Another benefit of using Flickr and tagging photos with your library’s name and location—it gets you found in the great pool of all of the photos in Flickr. Maybe someone is searching Flickr for his or her hometown, discovers images of the local library, and learns of services or programs this individual didn’t know about? Participating in this type of social-software community is relatively inexpensive, can offer presence, and it’s fun! Other features:

  • Flickr allows you to set privacy levels and access.
  • You can select other Flickr users as contacts and subscribe to feeds of their images.
  • You can configure Flickr to accept uploads via e-mail from a computer or from a cell phone.
  • You can use a Creative Commons license, or you can copyright your photos
  • Images can be grouped into sets that tell a story of an event or happening.
  • Notes can be added to sections of images by your contacts.

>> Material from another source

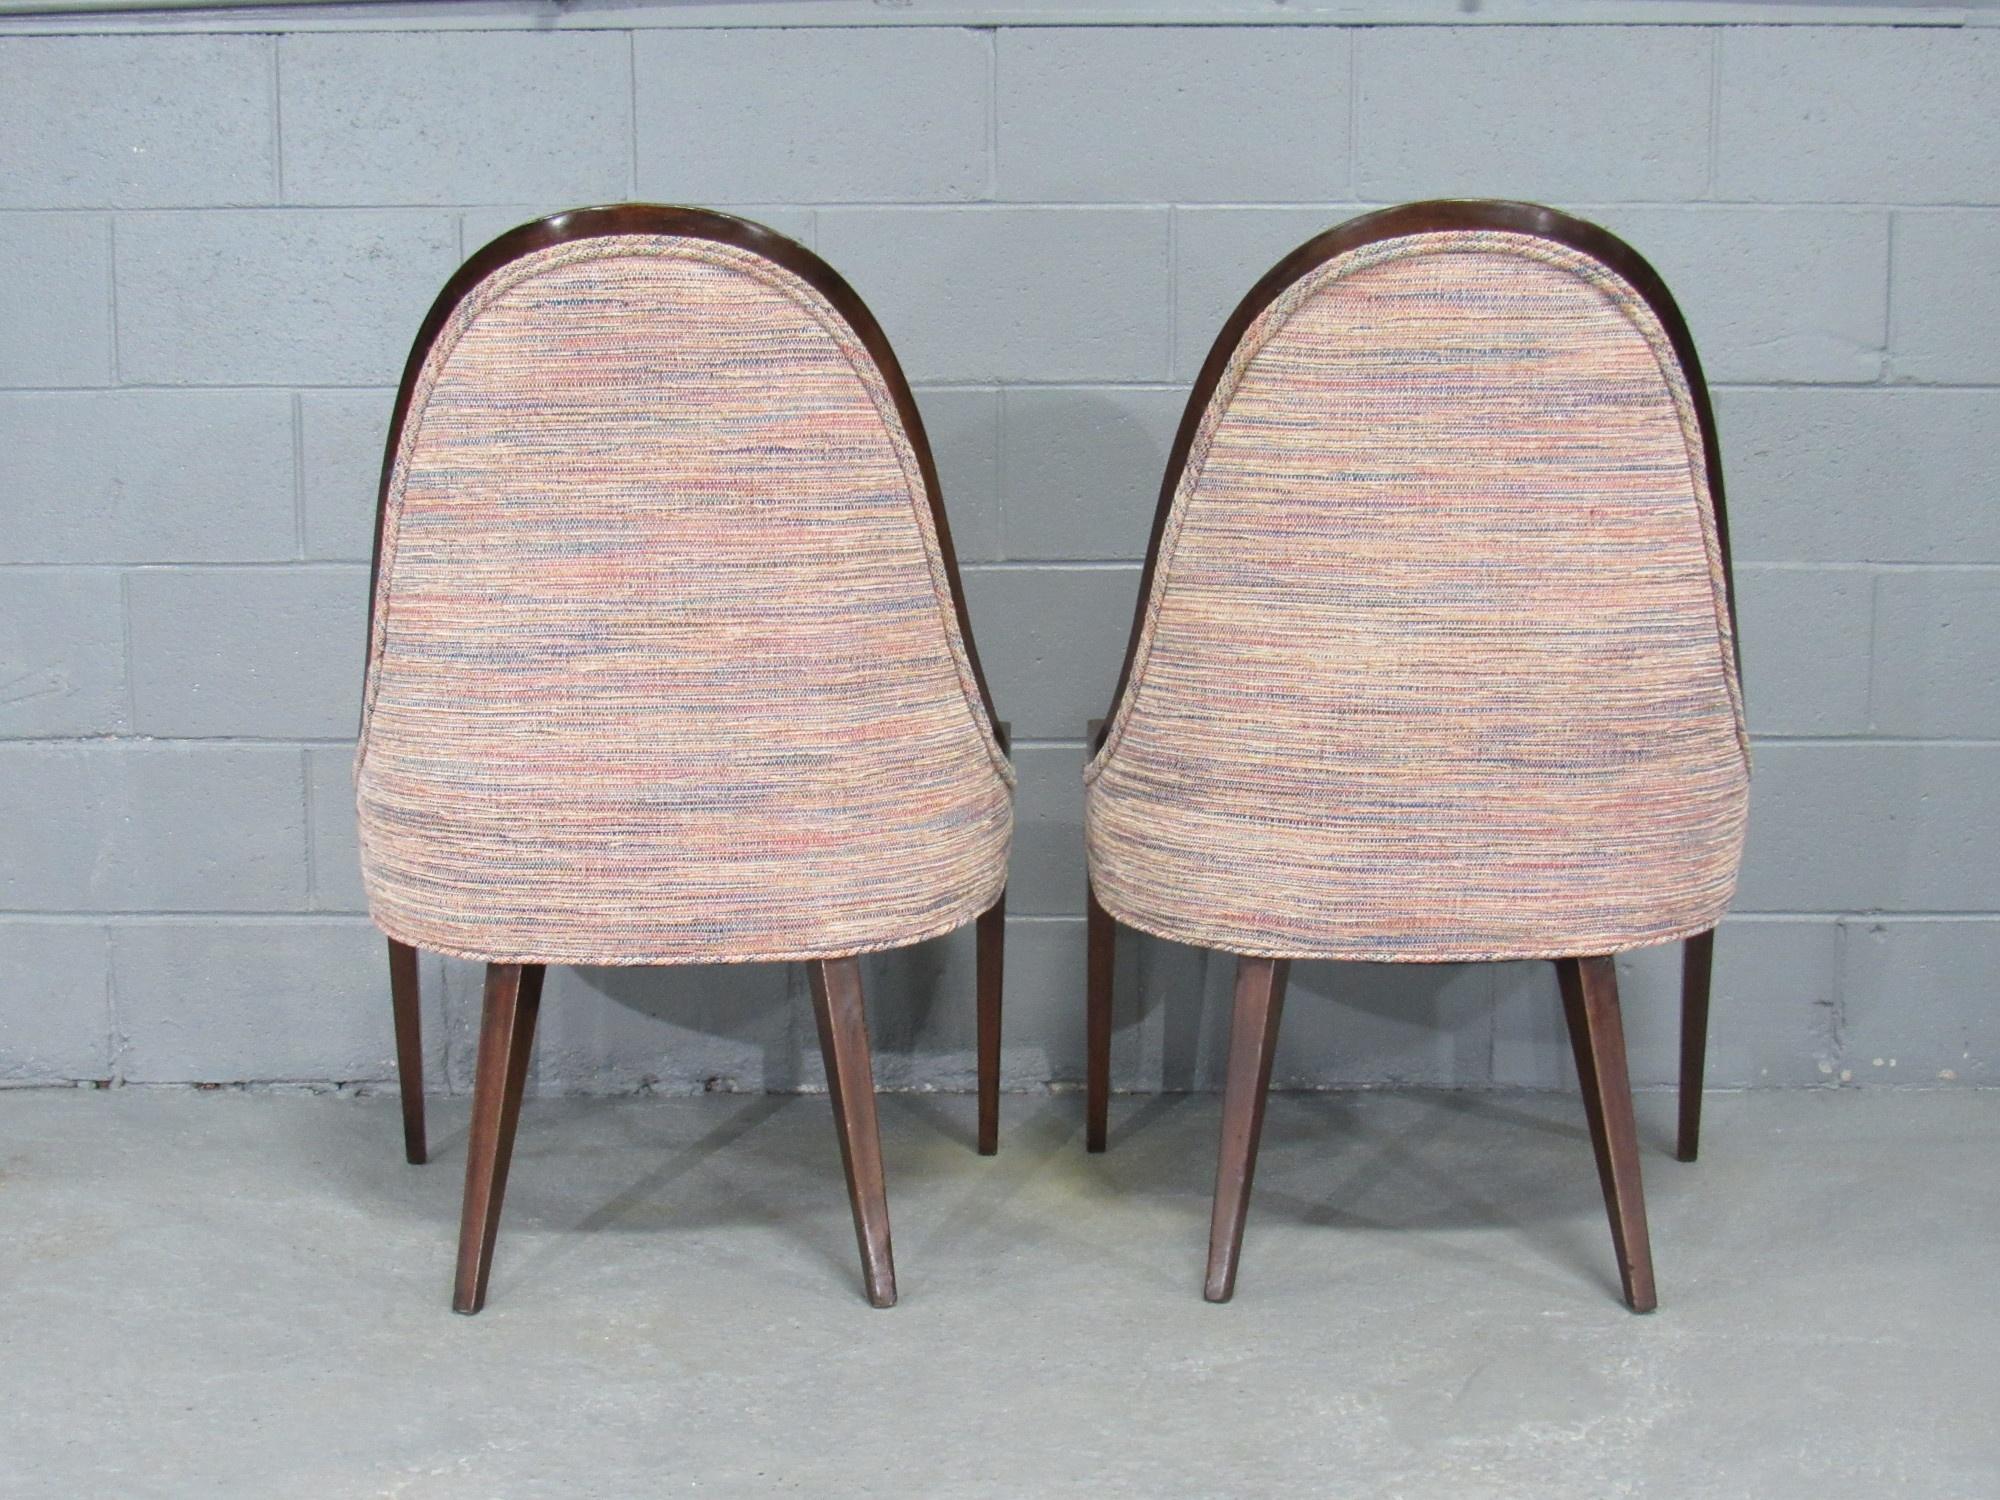 Paire de chaises gondoles des années 1950, avec une gracieuse structure en acajou et des pieds arrière évasés, conçues par Harvey Probber, Américain. Les chaises ont un cadre robuste en acajou et sont revêtues d'un tissu de haute qualité.

Because Flickr opened its API (application programming interface), Web resources abound to take advantage of mashing up images in fun and interesting ways. For example, many librarians created their own trading card with flagrant disregard’s (fd’s) trading-card generator (http://flagrantdisregard.com/flickr).

Beyond the fun involved, some library trainers use a Flickr account to share photos of their sessions as well as to create promotional pieces to announce upcoming training sessions. For example, using fd’s Flickr toys you could create inspirational posters, billboards, magazine covers, and trading cards for your classes, and post them online and in printed versions.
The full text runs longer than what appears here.